Despite your notation, I'm guessing that you're asking about partial derivatives. To tex a partial derivative use "\partial x" as in "$\partial x$".

This sort of confusion arises in Lagrangian calculations and I'll bet that's where you came upon it. The effect arises from our mathematics. It appears with only a single dimension x so I'll illustrate the effect that way.

If we left everything in terms of position (with velocity defined as $dx/dt$, then the gradient of the velocity wouldn't be zero. That's because the velocity does, in fact, depend on position.

Instead, when we do classical mechanics with Lagrange's equation, we think of the Lagrangian as being a function of position, velocity, and perhaps time. So we write it as $L(x,\dot{x},t)$. The effect of this way of looking at the problem is that we double the number of variables (from $x$ to $x,\dot{x}$), but we eliminate the need for second derivatives. This makes the problem actually easier to solve, but to be consistent, we have to make our partial derivatives (i.e. partials with respect to position or velocity) apply only to the position or velocity.

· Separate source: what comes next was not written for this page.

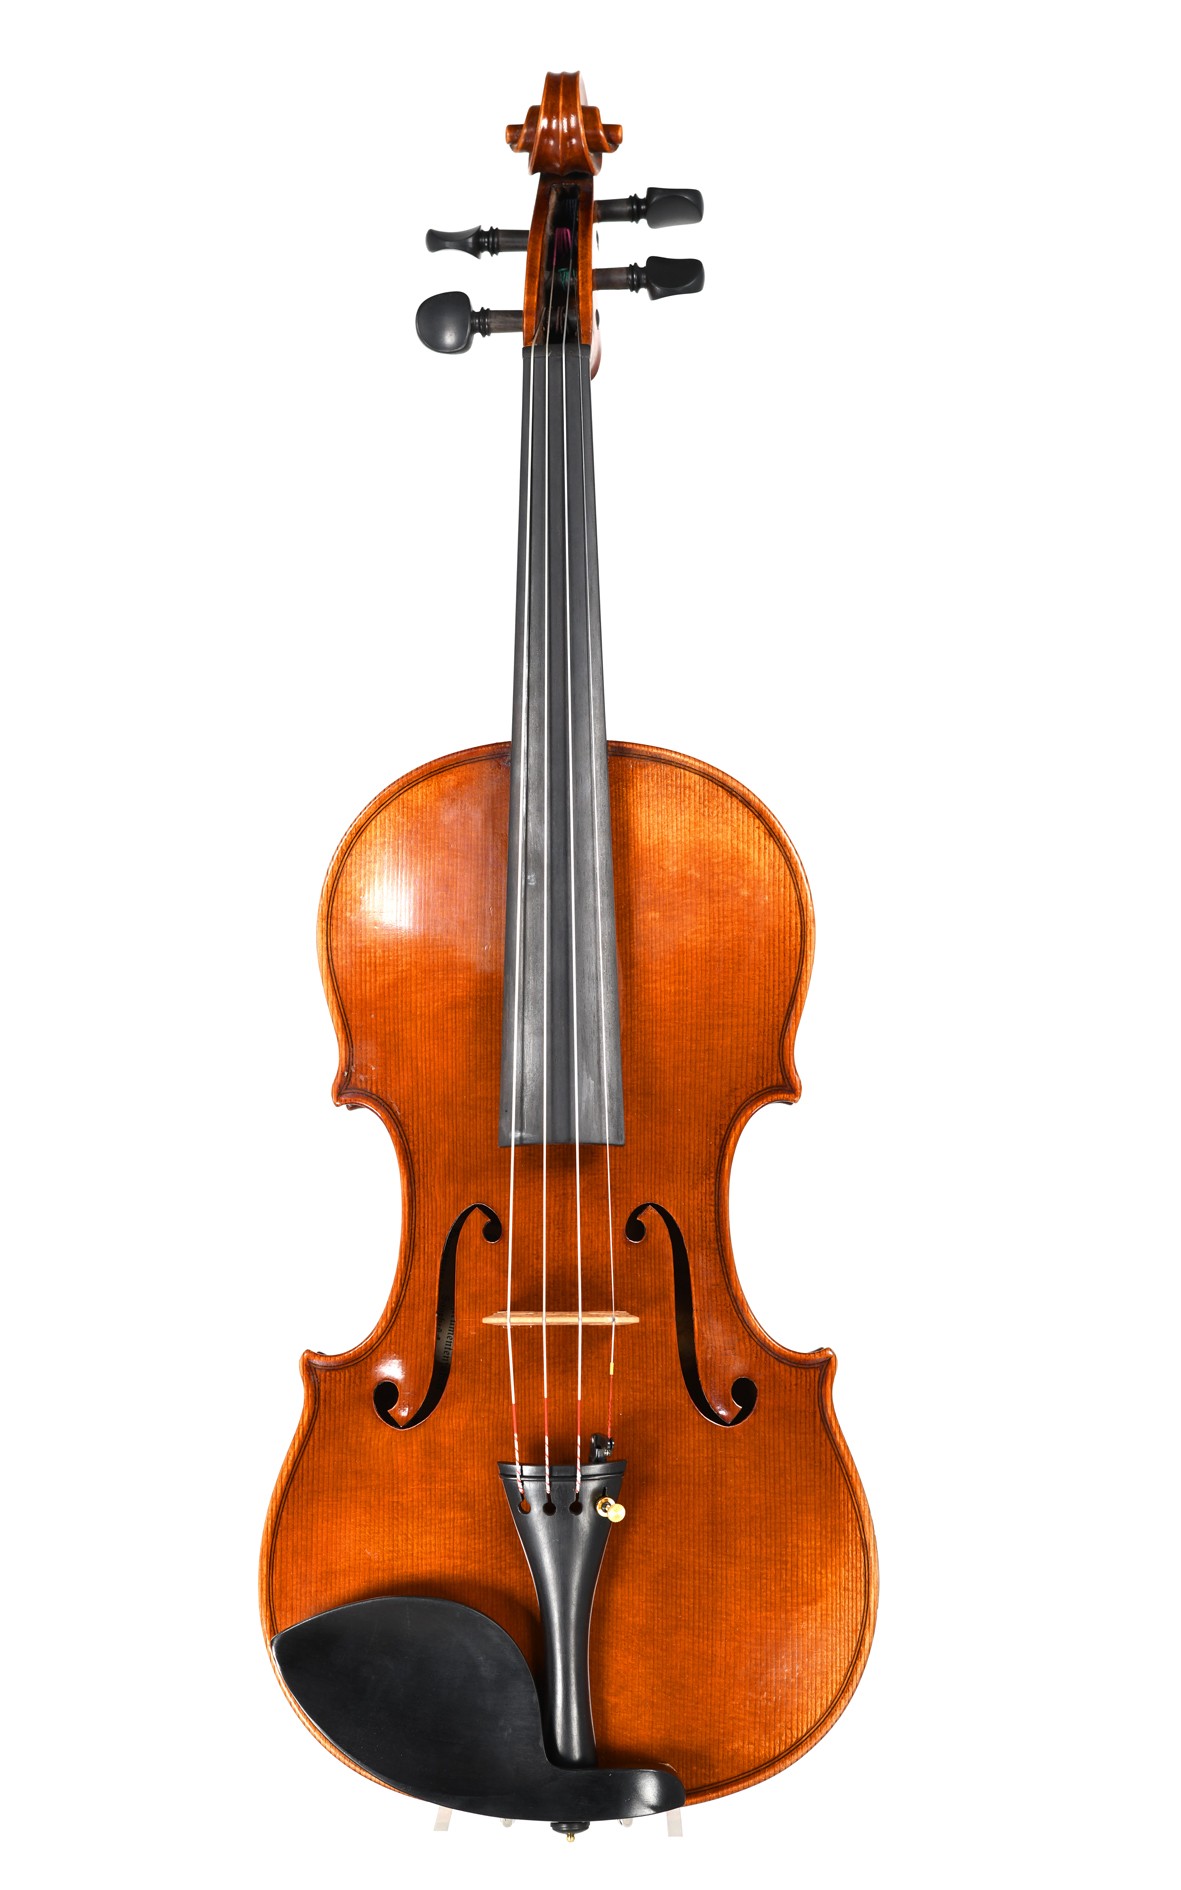 F. C. Louis violin

You can quickly verify that the Lagrangian
$L(x,y,\dot{x},\dot{y}) = 0.5m\dot{x}^2 +0.5m\dot{y}^2 - mgy$
leads to the equations of motion that you expect for a body of mass m moving in a gravitational field:
$m\ddot{x} = 0,\;\;m\ddot{y} = -g$,
and that this happens only if you follow the rules you've been given for calculating partial derivatives. Maybe this will ease your mind. Also see:
Why does Calculus of Variations work?
Why does calculus of variations work?

By the way, the place where partial derivatives used to bother me the most was in thermodynamics.

So in short, we don't automatically assume it. It happens when we use math in certain ways.

Answer 3

I'm still not sure quite what you're after, but the following statements might be helpful/relevant.

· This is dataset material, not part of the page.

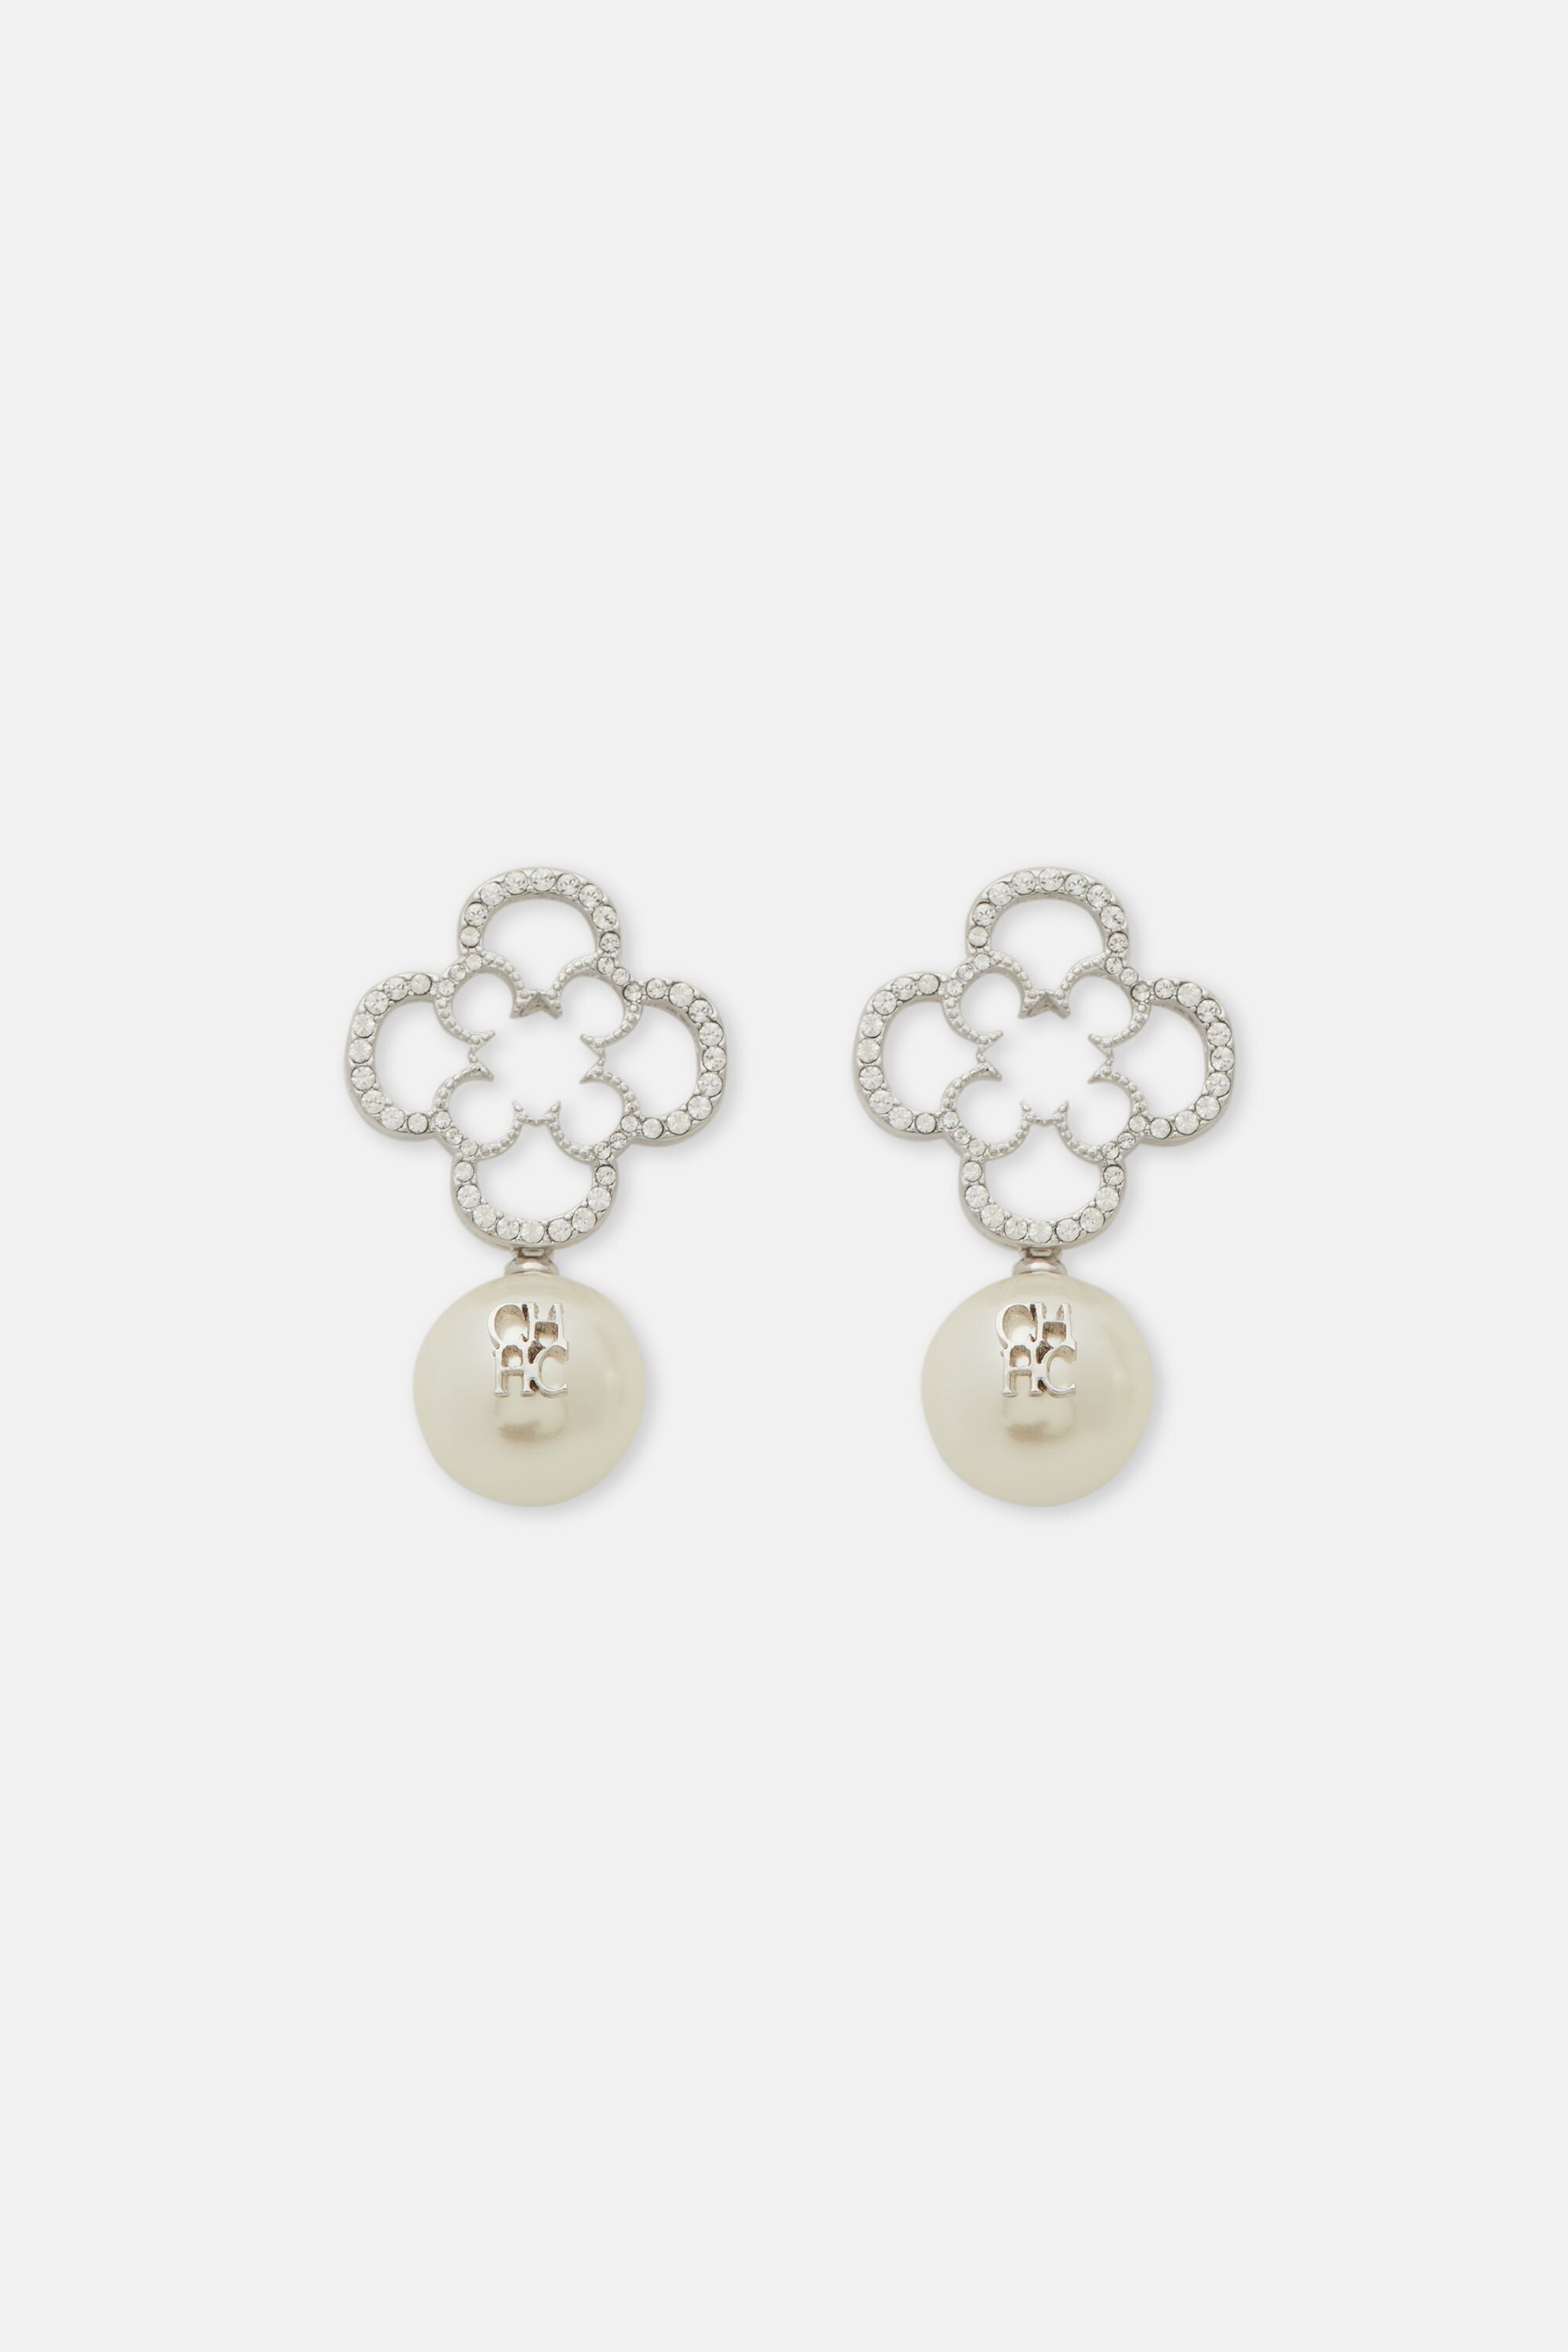 Rosetta Crystal Pearl earrings silver/pearl - CH Carolina Herrera

For a conservative vector field $\vec{F}$, the curl is always zero, i.e. $\nabla \times \vec{F} = \vec{0}$.

The divergence of the curl of any vector field is always zero, i.e. $\nabla \cdot \nabla \times \vec{F} = 0$.

Answer 4

I don't know whether the second sentence makes any sense. Let's omit it.

Electron in a constant homogeneous magnetic field moves on a circle with a constant value of velocity (in this meaning the velocity is independent of the location) but with a changing velocity vector. When we add an electric field, it will become only a bit more complicated.

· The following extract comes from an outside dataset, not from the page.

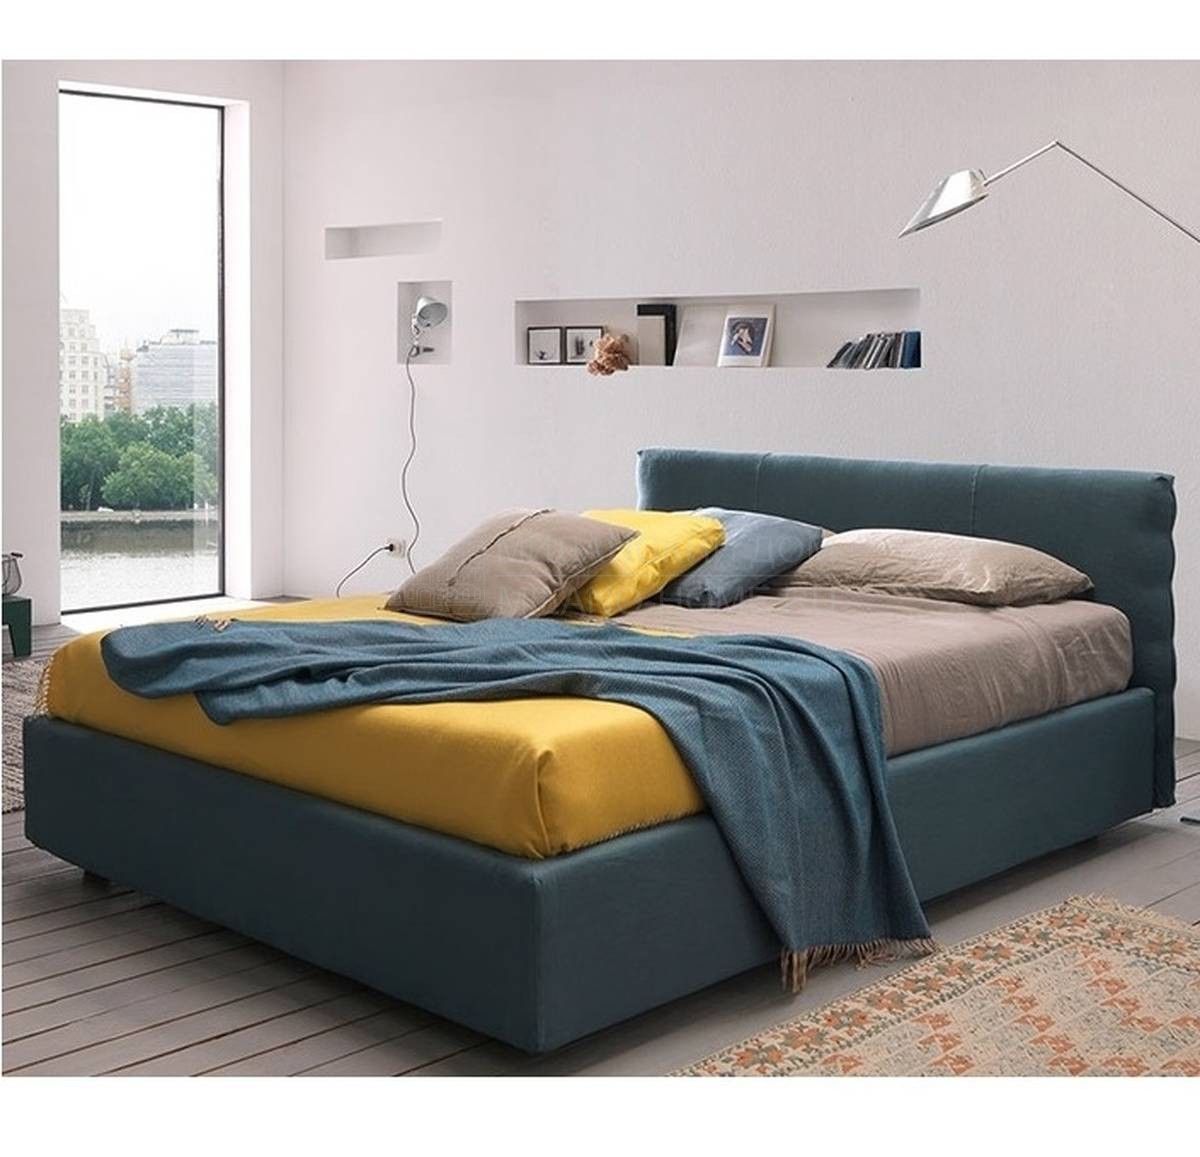 Кровать с мягким изголовьем Sun из Италии фабрики BOLZAN

The answer is, the velocity vector is constant in space (independent of the location) only for very specific settings, when a body moves along a straight line.

Answer 5

For a single particle motion $div(v) = [div(dr/dt)] = d/dt [div(r)]$. $div(r) = 3 = const.$ But the time-derivative of a constant is zero, so $div(v) = 0$. It is not an automatic assumption, it is a calculation result ;-).

EDIT: somebody voted down. OK, v = v(t) so any $\partial v_i/\partial x_k = 0$ by definition of v(t). What else do you need as explanation?